— Хочешь об этом поговорить? — тихо спрашивает Маккенна.
— Только не с тобой, — бормочу я, хватая и пролистывая каталог, а потом засовывая его обратно в карман переднего сиденья. Сейчас, когда я не в лучшей форме, хочется, чтобы Маккенна просто ушёл.
— Пожалуйста, уходи, — выдыхаю я.
— Позволь мне быть с тобой рядом, пожалуйста, — говорит он. В его голосе нет насмешки. В глазах — ничего, кроме искренности.
Стены крепости, охраняющие мои эмоции, становятся мягкими, и это пугает меня так сильно, что я почти умоляю:
— Нет. Пожалуйста. Уходи.
Какое-то время мы играем в гляделки.
И на мгновение мне кажется, что я проиграю.
Затем он бормочет:
— Можешь рассчитывать на меня, Пандора.
Прежде чем я успеваю напомнить ему, почему больше этого не делаю, он отстёгивает ремень безопасности, встаёт и идёт по проходу к другому креслу.
Мне так хочется вернуть его обратно. Вот почему говорят, что нужно быть осторожным в своих желаниях.
В тот момент, когда он уходит, я оплакиваю утрату. Утрату его. Вызывающего, волнующего и одним только своим присутствием приводящего в бешенство.
Он знает, как умер мой отец. Что он был в командировке, и самолёт разбился. Как в кино и в самом страшном твоём кошмаре. Он был со своей помощницей. Не по делам. Я потеряла своего отца в тот же день, когда моя мать поняла, что он её предал. Нас предал.
С другой женщиной.
Я не могла горевать, потому что моя мать считала, что я её предаю. Потому что он предал её. Единственной эмоцией, с которой она была согласна, был
Самолёт выруливает на взлётную полосу, мои нервы оголены до предела. Я прислушиваюсь к звуку ревущих двигателей, звону льда в бокале Маккенны за несколько сидений от меня. Его запах, до сих пор витающий около пустующего сиденья, странным образом меня успокаивает.

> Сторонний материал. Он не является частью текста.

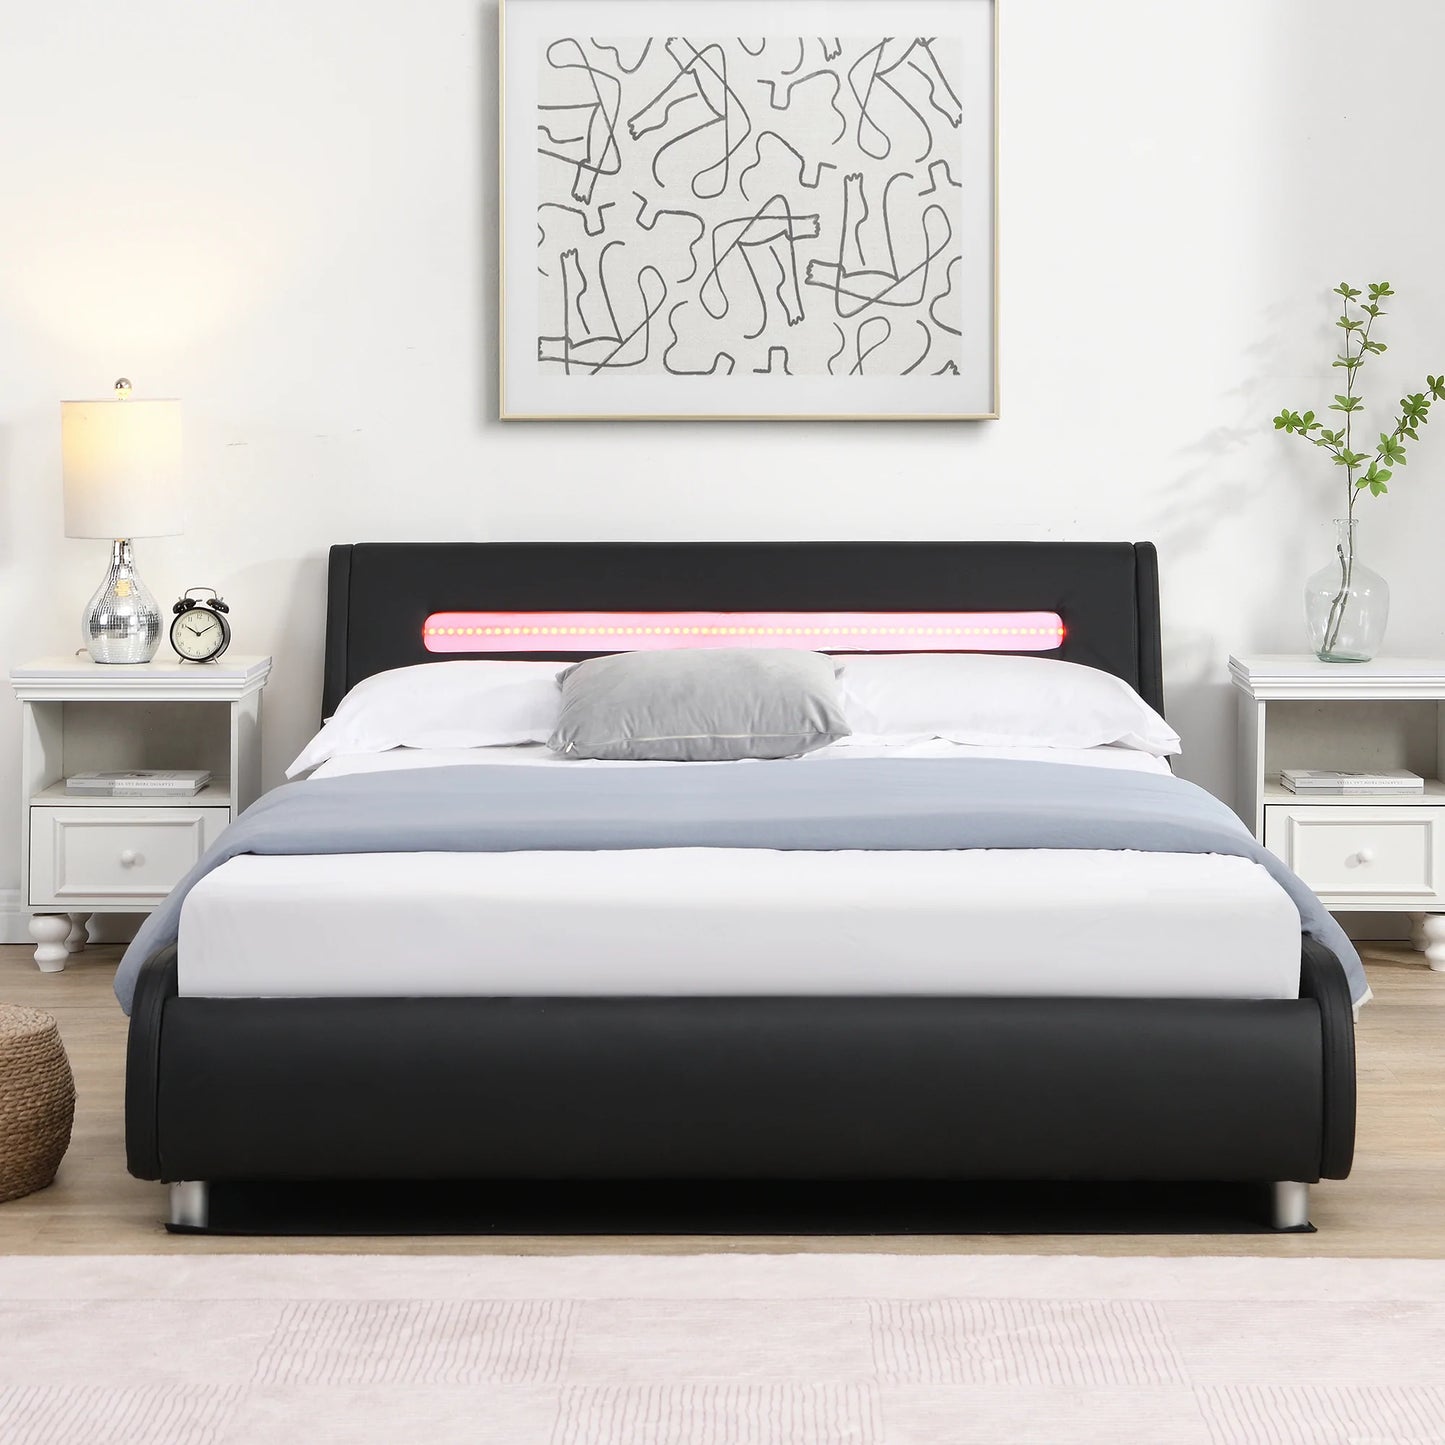 Full Size Low Profile Upholstered Platform Bed with LED headboard in Black

Кладу таблетку в рот, беру стакан с виски и выпиваю его залпом.
Один из операторов стоит впереди, наблюдает за мной и двигает свою камеру. Когда самолёт останавливается у края взлётно-посадочной полосы, я сглатываю и таращусь в иллюминатор, впившись ногтями в сиденье. Чувствую направленную на меня камеру, и вдруг слышу голос, бормочущий:
— Предположим, он действительно упадёт, — говорит он.
— Прости? — гневно шиплю я.
— Предположим, самолёт не сможет подняться и упадёт. — Он вздёргивает бровь, глядя на меня.
Я смотрю на него свирепым взглядом, но Кенна остаётся спокойным, его глаза блуждают по моему лицу.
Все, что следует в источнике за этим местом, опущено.